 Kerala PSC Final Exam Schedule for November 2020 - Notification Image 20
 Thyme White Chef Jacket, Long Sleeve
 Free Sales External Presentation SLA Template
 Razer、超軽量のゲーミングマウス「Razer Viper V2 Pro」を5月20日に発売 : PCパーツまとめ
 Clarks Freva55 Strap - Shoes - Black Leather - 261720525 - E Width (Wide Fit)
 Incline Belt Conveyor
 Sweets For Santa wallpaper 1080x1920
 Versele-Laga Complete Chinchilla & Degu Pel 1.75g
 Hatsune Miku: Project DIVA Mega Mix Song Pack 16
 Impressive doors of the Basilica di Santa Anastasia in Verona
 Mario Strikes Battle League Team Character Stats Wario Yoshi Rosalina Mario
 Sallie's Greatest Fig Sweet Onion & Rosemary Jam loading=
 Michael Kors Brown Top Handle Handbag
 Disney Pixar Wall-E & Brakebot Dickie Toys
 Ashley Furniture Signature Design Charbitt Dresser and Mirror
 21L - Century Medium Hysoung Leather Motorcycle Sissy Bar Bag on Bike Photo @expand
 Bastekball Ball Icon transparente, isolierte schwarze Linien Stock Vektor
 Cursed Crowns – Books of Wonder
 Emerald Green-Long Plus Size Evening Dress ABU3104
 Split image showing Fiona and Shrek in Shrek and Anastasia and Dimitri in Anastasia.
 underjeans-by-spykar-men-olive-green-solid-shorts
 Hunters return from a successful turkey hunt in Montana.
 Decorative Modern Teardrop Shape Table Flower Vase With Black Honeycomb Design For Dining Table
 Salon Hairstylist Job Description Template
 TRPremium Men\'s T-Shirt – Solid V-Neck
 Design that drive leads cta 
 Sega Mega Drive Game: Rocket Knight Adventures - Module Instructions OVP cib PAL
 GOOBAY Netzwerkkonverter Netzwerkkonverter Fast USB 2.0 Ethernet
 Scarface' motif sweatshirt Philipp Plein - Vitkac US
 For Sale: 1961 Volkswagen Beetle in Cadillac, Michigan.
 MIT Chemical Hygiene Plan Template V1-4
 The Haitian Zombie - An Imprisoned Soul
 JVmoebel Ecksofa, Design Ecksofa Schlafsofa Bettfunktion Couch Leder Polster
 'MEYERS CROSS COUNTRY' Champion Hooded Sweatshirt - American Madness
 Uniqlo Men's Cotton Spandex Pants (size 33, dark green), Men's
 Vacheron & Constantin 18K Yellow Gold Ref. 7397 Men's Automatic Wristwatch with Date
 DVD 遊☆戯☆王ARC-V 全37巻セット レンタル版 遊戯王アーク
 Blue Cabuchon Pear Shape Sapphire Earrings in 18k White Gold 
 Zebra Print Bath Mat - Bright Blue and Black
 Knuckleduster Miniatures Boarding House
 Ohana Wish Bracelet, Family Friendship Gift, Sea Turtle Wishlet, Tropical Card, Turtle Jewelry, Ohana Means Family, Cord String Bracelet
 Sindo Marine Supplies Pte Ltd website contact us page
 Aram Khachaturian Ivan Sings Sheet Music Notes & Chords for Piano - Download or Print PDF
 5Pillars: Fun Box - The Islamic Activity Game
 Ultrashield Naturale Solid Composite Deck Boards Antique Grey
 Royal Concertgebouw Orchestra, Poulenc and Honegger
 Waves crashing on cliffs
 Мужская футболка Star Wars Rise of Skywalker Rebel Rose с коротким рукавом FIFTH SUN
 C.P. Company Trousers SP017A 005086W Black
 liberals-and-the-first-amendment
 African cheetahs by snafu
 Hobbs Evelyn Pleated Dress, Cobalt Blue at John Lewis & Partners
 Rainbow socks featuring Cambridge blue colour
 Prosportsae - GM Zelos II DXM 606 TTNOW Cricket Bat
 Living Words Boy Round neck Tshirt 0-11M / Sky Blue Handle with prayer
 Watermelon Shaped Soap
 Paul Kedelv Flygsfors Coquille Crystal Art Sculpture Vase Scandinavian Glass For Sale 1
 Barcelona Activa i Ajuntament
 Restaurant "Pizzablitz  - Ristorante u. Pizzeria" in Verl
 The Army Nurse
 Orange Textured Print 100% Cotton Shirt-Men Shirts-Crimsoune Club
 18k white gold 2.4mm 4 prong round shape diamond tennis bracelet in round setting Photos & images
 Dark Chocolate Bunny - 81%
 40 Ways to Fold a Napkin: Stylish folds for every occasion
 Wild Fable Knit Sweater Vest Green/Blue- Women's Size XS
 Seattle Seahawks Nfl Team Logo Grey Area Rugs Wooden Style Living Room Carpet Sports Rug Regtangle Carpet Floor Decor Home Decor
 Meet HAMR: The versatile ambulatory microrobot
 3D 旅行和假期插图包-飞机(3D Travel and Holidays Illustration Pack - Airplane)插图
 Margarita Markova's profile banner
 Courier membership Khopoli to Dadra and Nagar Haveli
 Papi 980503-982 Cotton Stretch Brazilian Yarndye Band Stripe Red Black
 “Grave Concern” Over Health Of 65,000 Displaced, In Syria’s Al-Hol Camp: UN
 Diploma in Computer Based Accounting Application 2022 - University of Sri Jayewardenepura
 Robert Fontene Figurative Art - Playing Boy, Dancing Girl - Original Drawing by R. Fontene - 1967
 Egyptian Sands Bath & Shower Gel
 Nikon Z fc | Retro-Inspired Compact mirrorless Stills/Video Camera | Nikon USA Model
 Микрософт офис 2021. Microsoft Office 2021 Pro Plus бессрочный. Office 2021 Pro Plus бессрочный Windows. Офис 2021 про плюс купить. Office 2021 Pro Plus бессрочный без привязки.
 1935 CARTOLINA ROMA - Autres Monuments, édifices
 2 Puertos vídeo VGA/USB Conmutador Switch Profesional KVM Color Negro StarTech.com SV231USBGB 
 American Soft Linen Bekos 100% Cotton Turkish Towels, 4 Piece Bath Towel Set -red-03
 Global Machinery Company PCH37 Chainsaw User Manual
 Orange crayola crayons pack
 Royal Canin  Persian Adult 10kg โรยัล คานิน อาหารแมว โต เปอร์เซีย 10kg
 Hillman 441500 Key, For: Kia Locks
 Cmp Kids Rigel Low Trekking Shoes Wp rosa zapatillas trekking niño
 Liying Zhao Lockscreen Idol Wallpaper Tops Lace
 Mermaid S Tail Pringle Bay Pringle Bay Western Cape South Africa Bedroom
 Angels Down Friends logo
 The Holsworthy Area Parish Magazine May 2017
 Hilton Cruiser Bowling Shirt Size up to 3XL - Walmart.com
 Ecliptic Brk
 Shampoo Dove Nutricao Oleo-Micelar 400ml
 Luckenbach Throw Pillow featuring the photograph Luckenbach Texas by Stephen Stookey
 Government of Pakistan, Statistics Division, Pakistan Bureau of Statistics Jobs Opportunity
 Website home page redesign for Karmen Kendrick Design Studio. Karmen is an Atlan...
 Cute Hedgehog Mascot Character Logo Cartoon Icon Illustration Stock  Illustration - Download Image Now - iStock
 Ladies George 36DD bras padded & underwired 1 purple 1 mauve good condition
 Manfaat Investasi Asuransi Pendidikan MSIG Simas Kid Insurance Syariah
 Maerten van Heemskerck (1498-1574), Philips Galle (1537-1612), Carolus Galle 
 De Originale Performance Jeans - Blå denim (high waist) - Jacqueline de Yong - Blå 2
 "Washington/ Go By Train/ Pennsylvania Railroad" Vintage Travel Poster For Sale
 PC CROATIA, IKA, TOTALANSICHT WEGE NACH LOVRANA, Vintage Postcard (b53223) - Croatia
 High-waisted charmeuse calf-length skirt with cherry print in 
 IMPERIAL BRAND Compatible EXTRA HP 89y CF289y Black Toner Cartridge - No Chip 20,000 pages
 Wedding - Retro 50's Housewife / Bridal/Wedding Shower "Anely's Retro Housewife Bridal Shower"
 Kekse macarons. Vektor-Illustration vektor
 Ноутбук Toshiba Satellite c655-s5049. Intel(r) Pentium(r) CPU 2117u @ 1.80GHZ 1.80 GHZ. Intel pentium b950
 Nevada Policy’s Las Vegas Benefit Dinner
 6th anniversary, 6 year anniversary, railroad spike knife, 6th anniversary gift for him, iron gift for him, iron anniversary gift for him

========================================

REQUIRED WORK —
Look above for the line holding "- American Madness", then set down exactly that line and every line after it up to and including the line holding "Orange Textured Print", with nothing else.

ANSWER FOR THIS EXERCISE —
 'MEYERS CROSS COUNTRY' Champion Hooded Sweatshirt - American Madness
 Uniqlo Men's Cotton Spandex Pants (size 33, dark green), Men's
 Vacheron & Constantin 18K Yellow Gold Ref. 7397 Men's Automatic Wristwatch with Date
 DVD 遊☆戯☆王ARC-V 全37巻セット レンタル版 遊戯王アーク
 Blue Cabuchon Pear Shape Sapphire Earrings in 18k White Gold 
 Zebra Print Bath Mat - Bright Blue and Black
 Knuckleduster Miniatures Boarding House
 Ohana Wish Bracelet, Family Friendship Gift, Sea Turtle Wishlet, Tropical Card, Turtle Jewelry, Ohana Means Family, Cord String Bracelet
 Sindo Marine Supplies Pte Ltd website contact us page
 Aram Khachaturian Ivan Sings Sheet Music Notes & Chords for Piano - Download or Print PDF
 5Pillars: Fun Box - The Islamic Activity Game
 Ultrashield Naturale Solid Composite Deck Boards Antique Grey
 Royal Concertgebouw Orchestra, Poulenc and Honegger
 Waves crashing on cliffs
 Мужская футболка Star Wars Rise of Skywalker Rebel Rose с коротким рукавом FIFTH SUN
 C.P. Company Trousers SP017A 005086W Black
 liberals-and-the-first-amendment
 African cheetahs by snafu
 Hobbs Evelyn Pleated Dress, Cobalt Blue at John Lewis & Partners
 Rainbow socks featuring Cambridge blue colour
 Prosportsae - GM Zelos II DXM 606 TTNOW Cricket Bat
 Living Words Boy Round neck Tshirt 0-11M / Sky Blue Handle with prayer
 Watermelon Shaped Soap
 Paul Kedelv Flygsfors Coquille Crystal Art Sculpture Vase Scandinavian Glass For Sale 1
 Barcelona Activa i Ajuntament
 Restaurant "Pizzablitz  - Ristorante u. Pizzeria" in Verl
 The Army Nurse
 Orange Textured Print 100% Cotton Shirt-Men Shirts-Crimsoune Club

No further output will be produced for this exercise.